Ausländische Fachkräfte machen großen Bogen um Deutschland
Gunnar Sohn | 26.02.2008
Bonn/München – Die Anwerbung von Fachkräften aus dem Ausland erweist sich als Flop. Wie die Süddeutsche Zeitung (SZ) http://www.sueddeutsche.de berichtet, kamen im vergangenen Jahr nur 466 Hochqualifizierte nach Deutschland, zehn mehr als 2006. Der SZ liegen entsprechende Zahlen aus dem Bundesamt für Migration und Flüchtlinge http://www.bamf.de vor. Politiker der großen Koalition fordern jetzt eine Überprüfung des Zuwanderungsrechts. Lediglich bei den Selbständigen habe es einen Anstieg auf niedrigem Niveau von 2.370 (2006) auf 2.850 (2007) gegeben. Bei dieser Personengruppe hatte es eine Lockerung der Zuwanderungsbestimmungen gegeben.



Viele Unternehmen halten den Fachkräftemangel angesichts der guten Wirtschaftslage für eine „Wachstumsbremse“. Nach einer Studie des Bundeswirtschaftsministeriums http://www.bmwi.de kostet das Fehlen von qualifiziertem Personal die deutsche Volkswirtschaft jedes Jahr bis zu 20 Milliarden Euro. Die Engpässe machen sich vor allem in technologischen Schlüsselbranchen wie Maschinenbau, Metall- und Elektroindustrie und Fahrzeugbau bemerkbar. „Man muss die Zahlen als Warnsignal sehen“, sagte der Präsident des Deutschen Instituts für Wirtschaftsforschung (DIW) http://www.diw.de, Klaus Zimmermann, gegenüber der SZ. Die große Koalition habe in der Frage der Zuwanderung versagt. Sie habe „alles getan, um das Image eines reservierten Landes aufrechtzuerhalten“.



„In Deutschland gibt es ein Vermittlungsproblem. Die Leute finden es unsinnig, Ausländer ins Land zu holen, während immer noch über drei Millionen Deutsche arbeitslos sind. Doch die Angst davor, dass die Zuwanderer ihnen die Jobs wegnehmen, ist völlig unbegründet. Wir brauchen keine Zuwanderung mehr wie damals, als wir die Gastarbeiter – eine sehr misslungene Wortschöpfung – nach Deutschland geholt haben. Wir brauchen ausländische Spitzenkräfte, die wir hierzulande nicht finden. Und wir müssen diesen Menschen und ihren Familien signalisieren: Wenn Ihr wollt, seid Ihr in Deutschland herzlich willkommen. Wir wollen nicht nur, dass Ihr hier arbeitet, sondern dass Ihr hier lebt und heimisch werdet. Nur mit positiven Botschaften können wir die Scheu der High Potentials überwinden, sich dauerhaft in Deutschland niederzulassen“, so der Personal- und Arbeitsmarktexperte Marc Emde von der KCP Personaldienstleistungsgesellschaft http://www.kirchconsult.de, der unter anderem polnische Ingenieure nach Deutschland vermittelt.

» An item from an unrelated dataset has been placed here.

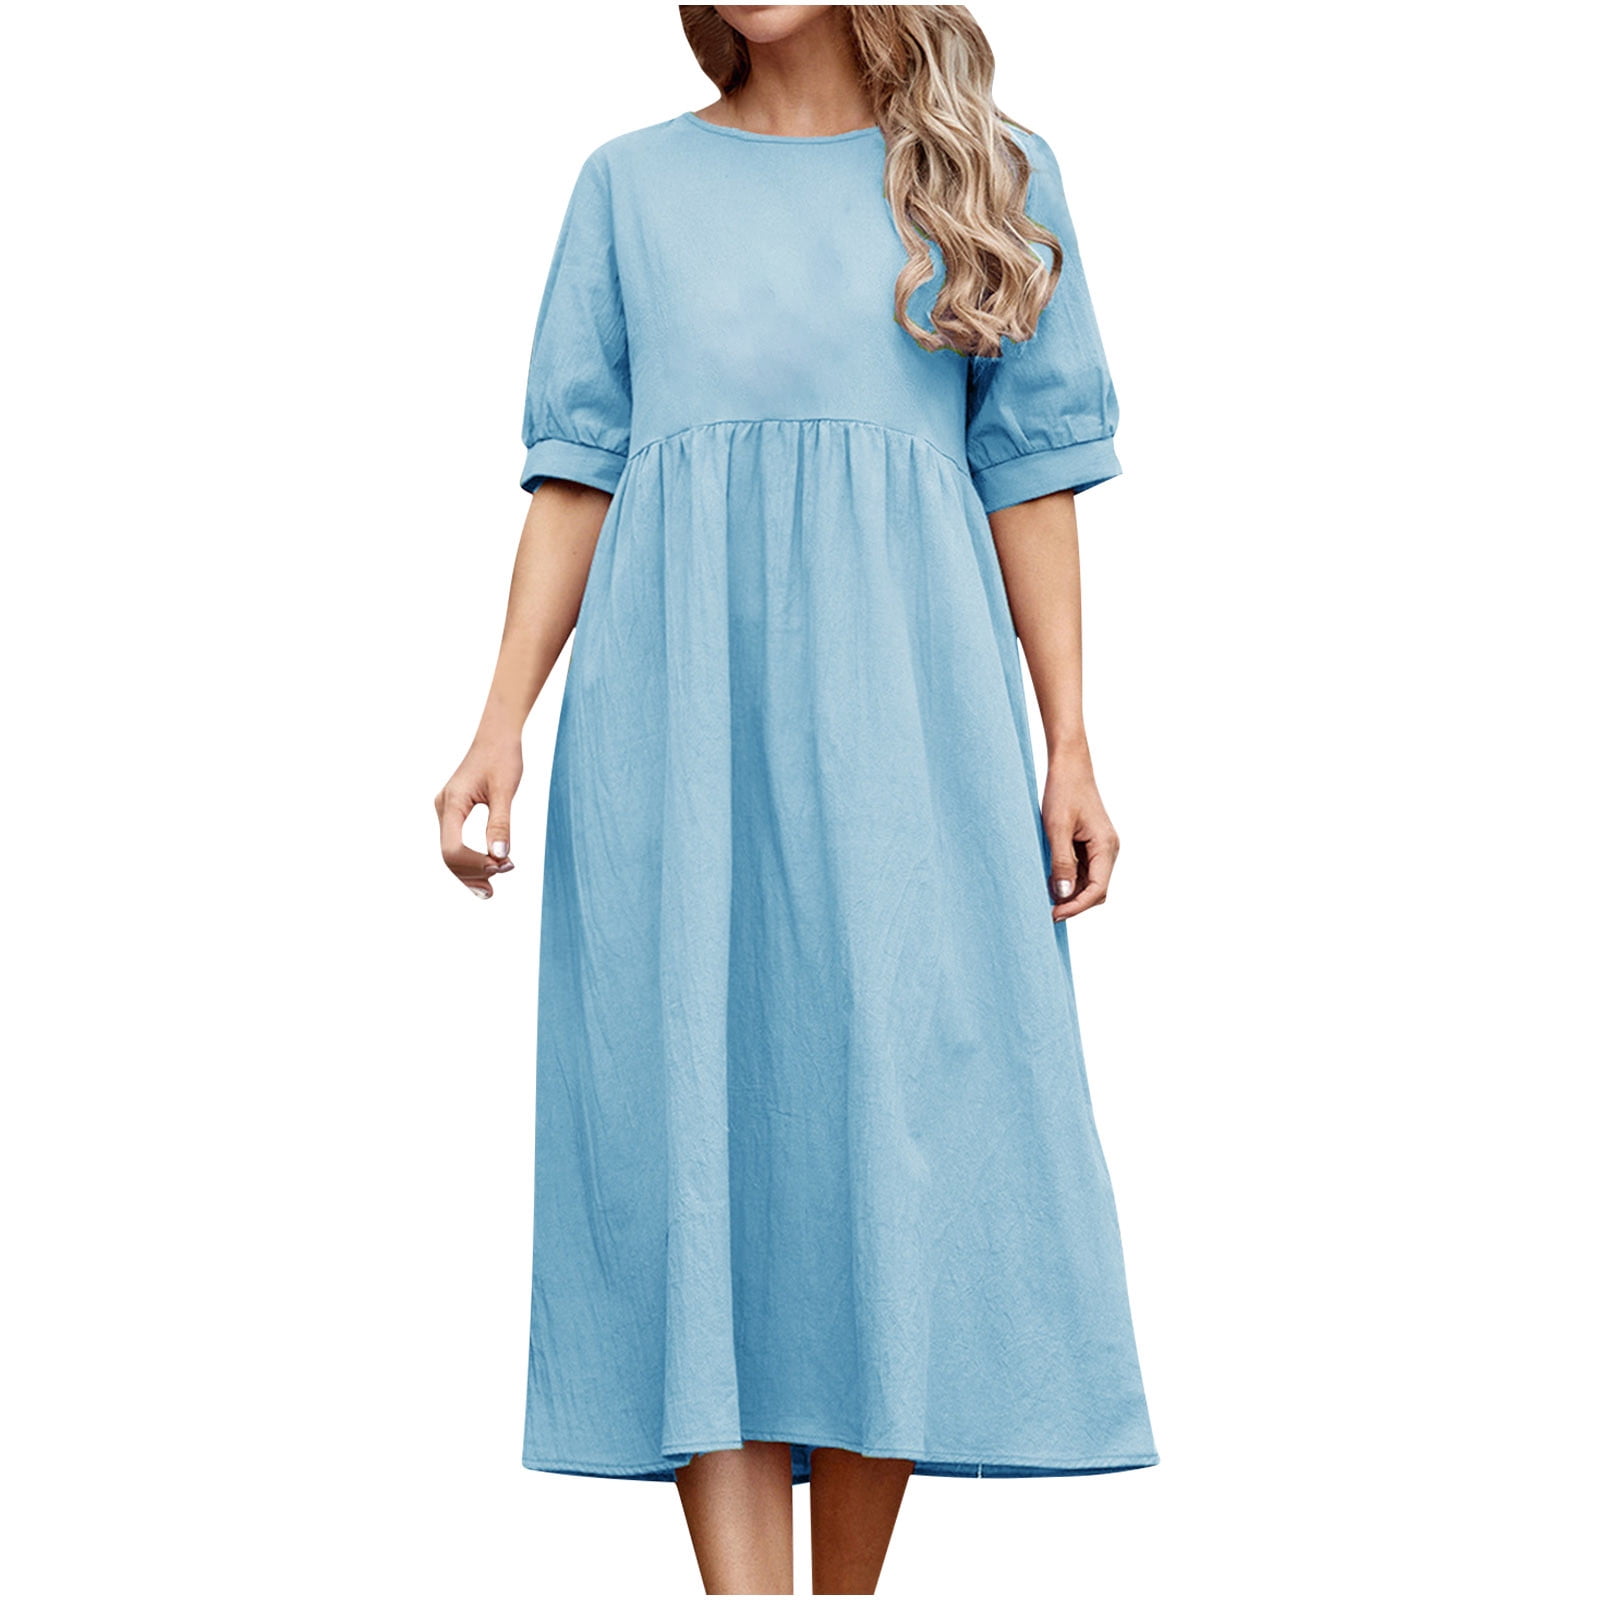 Auroural Womens Dresses Clearance Women's Summer Fashion Round Neck Short  Sleeve Solid Color Loose Dress 
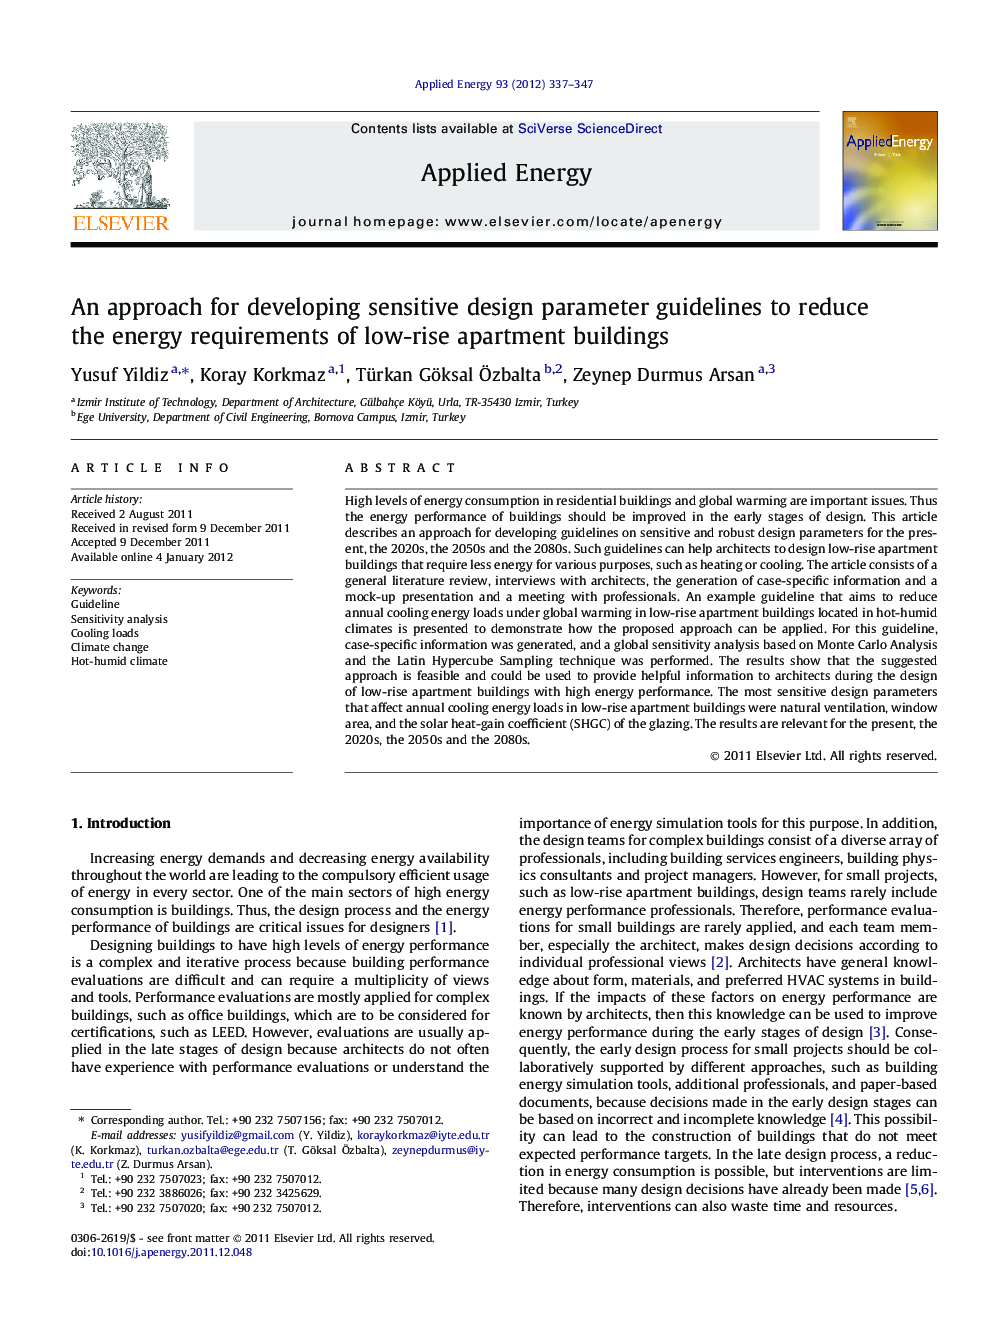 An approach for developing sensitive design parameter guidelines to reduce the energy requirements of low-rise apartment buildings

Der Wirtschaftsexperte der SPD-Fraktion im Deutschen Bundestag, Rainer Wend, schlägt ähnliche Töne an: „Die Leute müssen verstehen, dass Spezialqualifikationen, die die Unternehmen brauchen, nicht durch ein bisschen Nachschulung von Langzeitarbeitslosen erreicht werden können.“ Der Ball liegt also im Feld der großen Koalition. Auch CDU-Politiker denken mittlerweile darüber nach, ob man niedrigere Einkommensgrenzen für Zuwanderer festlegen könnte. Bisher müssen Angestellte ein sehr hohes Jahresgehalt von mindestens 85.000 Euro vorweisen können, um nach Deutschland kommen zu können.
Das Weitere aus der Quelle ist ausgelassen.